Now here’s some more basketballs.  There’s a lot of walking in this psalm, a lot of walking through historical-theological events. The Psalm begins in the Wilderness when the clans were called to pack up the camp, get up and walk (vs. 1-3). A call to follow after the Lord’s presence in the lighted cloud, the moveable sanctuary and the covenant chest. It was a call to walk in obedience with others in the covenant pattern. It’s not a walk to improve their health but a walk to improve their ethical moral behavior, their conduct. Each of the clans is to walk gracefully, patiently, lovingly in order not to impact the overall unity of the Nation. There’s walking out of the cataclysmic upheavals of slavery. There’s ascending to the high mountain into the sunlight of unsurpassed covenant revelation. There’s walking through lowlands, deserts and the Land in failure, doubt and obedience. There’s satisfaction at arriving at the end of a walk – the city of Jerusalem (vs. 16ff). Walking, then, is used skillfully, prayerfully, poetically to express the outworking of covenant revelation. A transformed Israel walking as the Chosen, the treasured possession. A nation of priests walking obediently to YHWH’s summons. YHWH “walked” Israel slowly and deliberately so that they would sense his presence and guidance in every step. The Lord was arranging Israel’s life to make them fit for life with him.

So let’s throw a few more basketballs into the water as we turn to Ephesians but keep your place in the psalm. There’ll be some splashing. But we’ll try to keep them submerged. Liturgically, Psalm 68 is a Jewish Pentecostal psalm commemorating the covenant at Sinai (Jubl 1.5; 6.11, 17; 15.1-24). Liturgically, for us, this morning occurs after Jesus’ ascension – this last Thursday. So this psalm can become pentecostal to us by anticipating the descent of the Spirit to give gifts to the Church. In the message from Psalm 98, 4 weeks ago I asked this question: how do we move from vocal public congregational Temple praise to vocal public congregational Christian praise? At first glance, this might seem easily answered this morning because two lines from Psalm 68.18 seem to be quoted in Ephesians 4.8 “when he ascended on high, he led captives in his procession and distributed gifts to the people”. So that helps us. Right? Maybe. More about this momentarily. First, let me ask the question this way. Of all the lines, in all of the psalms, in all of biblical literature, how/why does Paul choose these two poetic lines from this psalm for Christian instruction for the Ephesus church? One of the things I realized early on and continues to amaze me to this day is how saturated NT writers were in the Bible’s thinking and practice. It seems to me NT writers had a working knowledge of their Bible. And it seems to me their expectation is that we are working on getting a working knowledge also.

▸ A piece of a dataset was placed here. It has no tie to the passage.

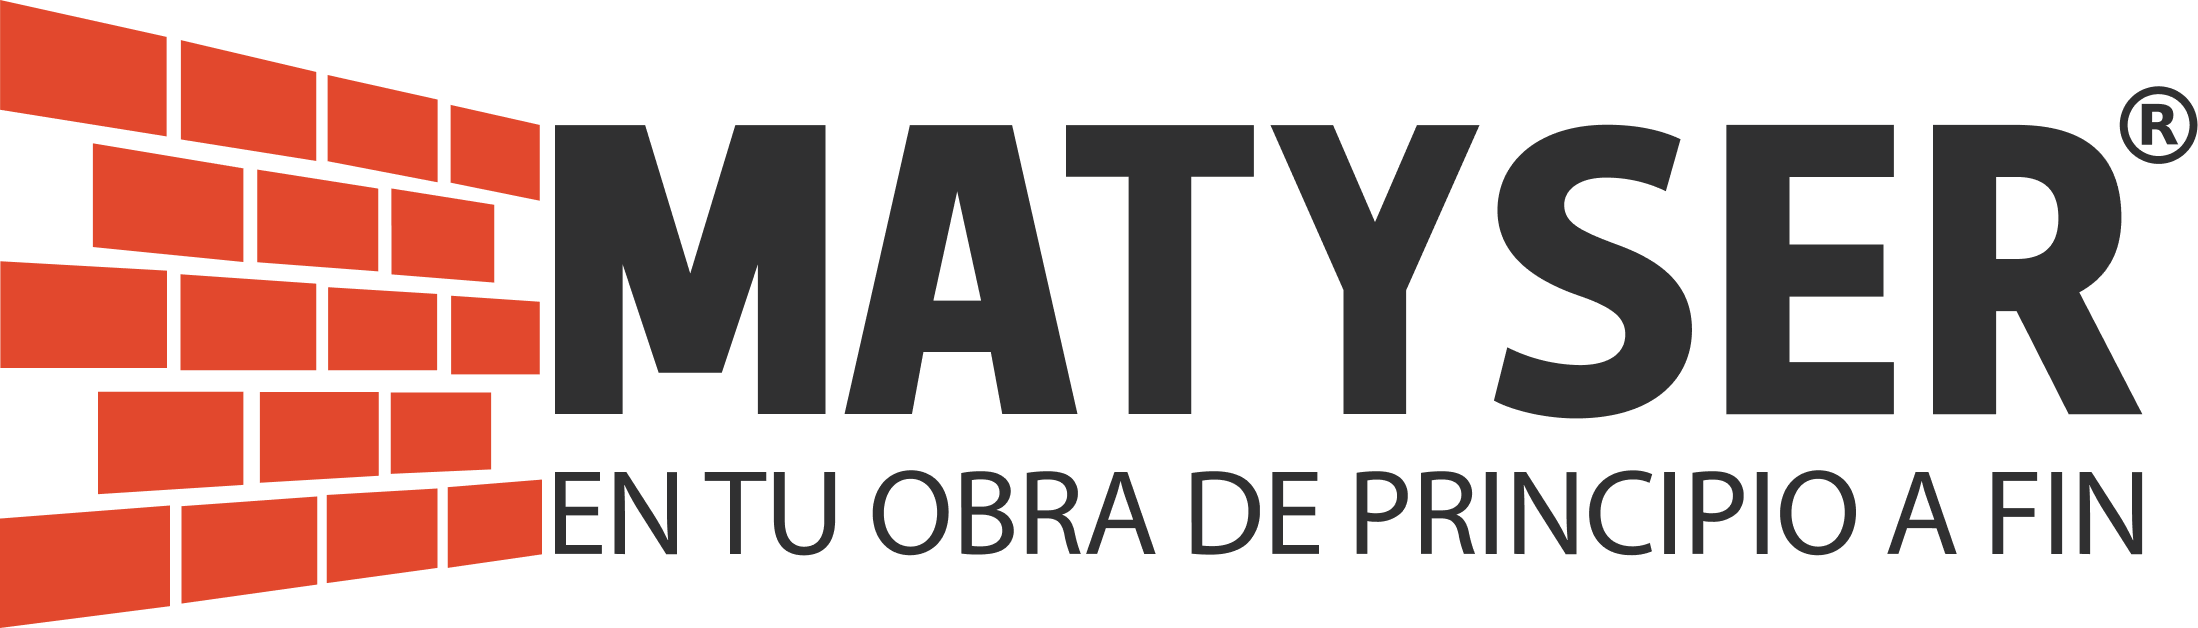 Matyser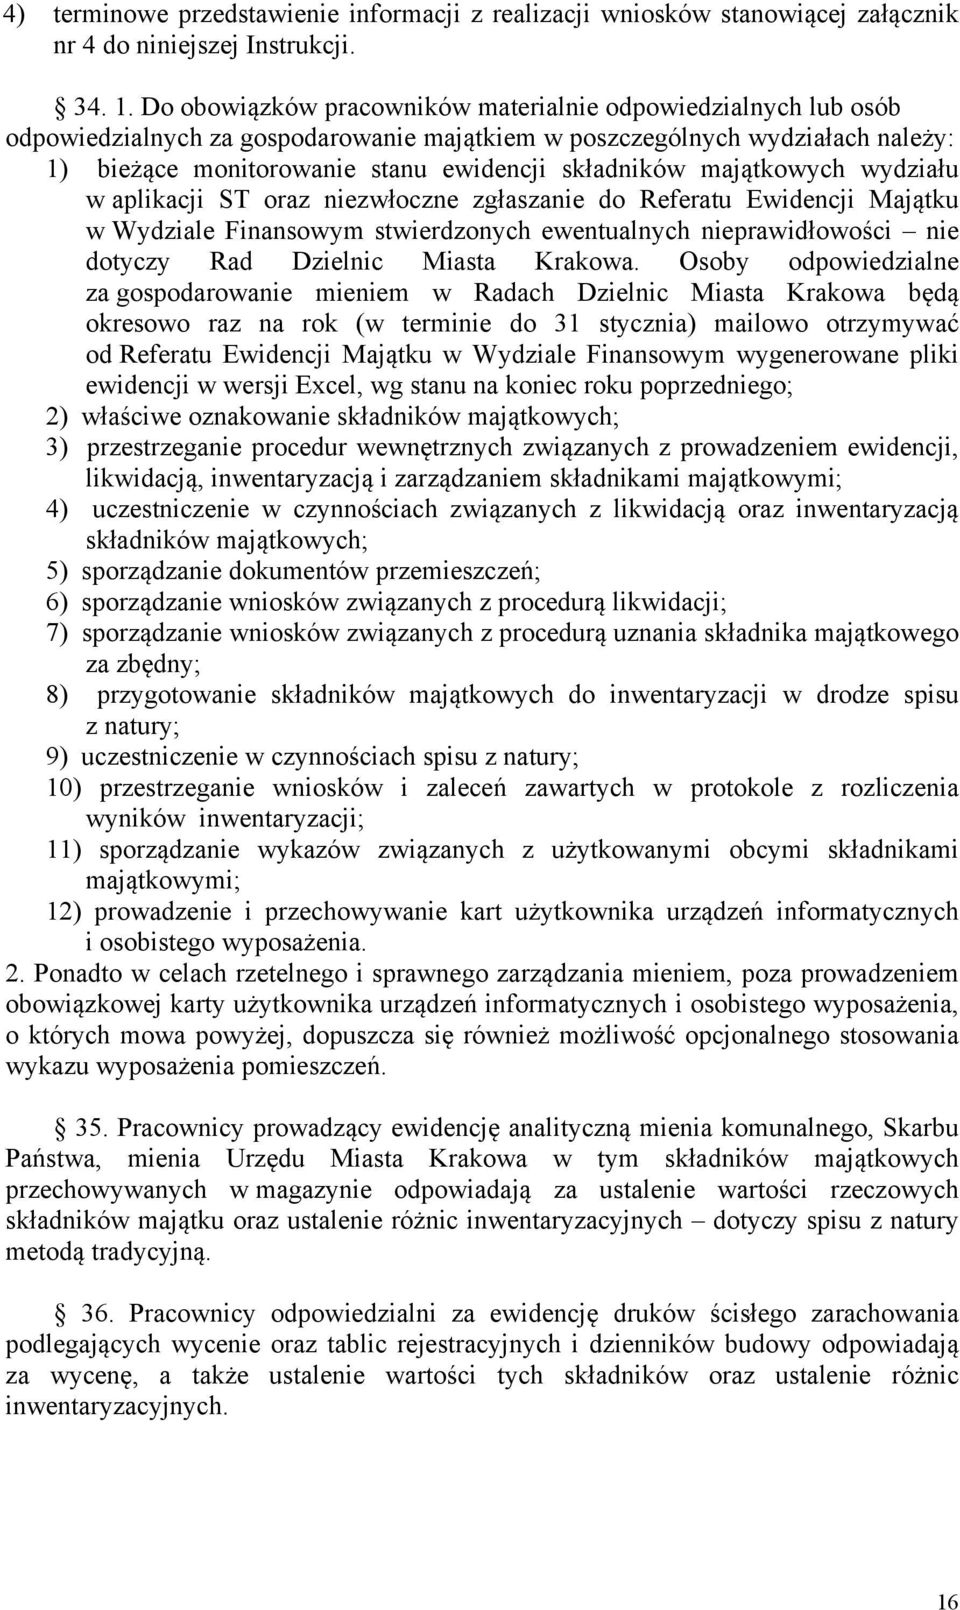 majątkowych wydziału w aplikacji ST oraz niezwłoczne zgłaszanie do Referatu Ewidencji Majątku w Wydziale Finansowym stwierdzonych ewentualnych nieprawidłowości nie dotyczy Rad Dzielnic Miasta Krakowa.

So a few introductory words about Ephesians and Paul seem to be in order.  Paul, first arrested in Jerusalem, has now descended to the depths of a Roman prison. From there, this mostly unknown captive ascended to the occasion, composing and sending letters by a revolving door of colleagues to Philippi by Epaphroditus ( 4:18); to Ephesus by Tychicus (6:21); to Colossae by Epaphras (4:12) and to Philemon by his slave Onesimus. All with similar, overlapping messages, collectively, these letters are identified as the prison letters.

Is it stating the obvious that an imprisoned Paul had a lot of time to think about things? Well it seems to me, Jesus’ ascension prompted Paul to think through how this is worked out in his life, his ministry and how the ascension is worked out in these churches. Broadly, the seating of Jesus at the right hand of the Father puts an exclamation mark on the completeness of Jesus as the Davidic messiah. Jesus is Lord, Caesar, not so much.  Paul was no stranger to a militarized triumphal procession in the Greco-Roman world with its wagons full of tribute and lines of shackled captives. Imprisoned as he was, it seems to me, the more important victory march for him was Jesus’ ascension with himself a captive “But thanks be to God, who always leads us as captives in Christ’s triumphal procession and uses us to spread the aroma of the knowledge of him everywhere. For we are to God the pleasing aroma of Christ among those who are being saved and those who are perishing. To the one we are an aroma that brings death; to the other, an aroma that brings life. And who is equal to such a task? Unlike so many, we do not peddle the word of God for profit. On the contrary, in Christ, we speak before God with sincerity, as those sent from God” (2 Cor. 2. 14-17). And in these letters he portrayed the outworking of that procession as the descent of the Spirit to the churches with “gifts” (charismata) and “gifted ones” (charismenoi). And this gives us an insight into why Paul rewrites the psalm. Notice how Psalm 68.18 reads  “when you (YHWH) ascended on high, you took many captives, you received tribute from the nations”. Now read Eph. 4.8 “when he (Jesus) ascended on high, he led captives in his procession and distributed gifts to the people”.  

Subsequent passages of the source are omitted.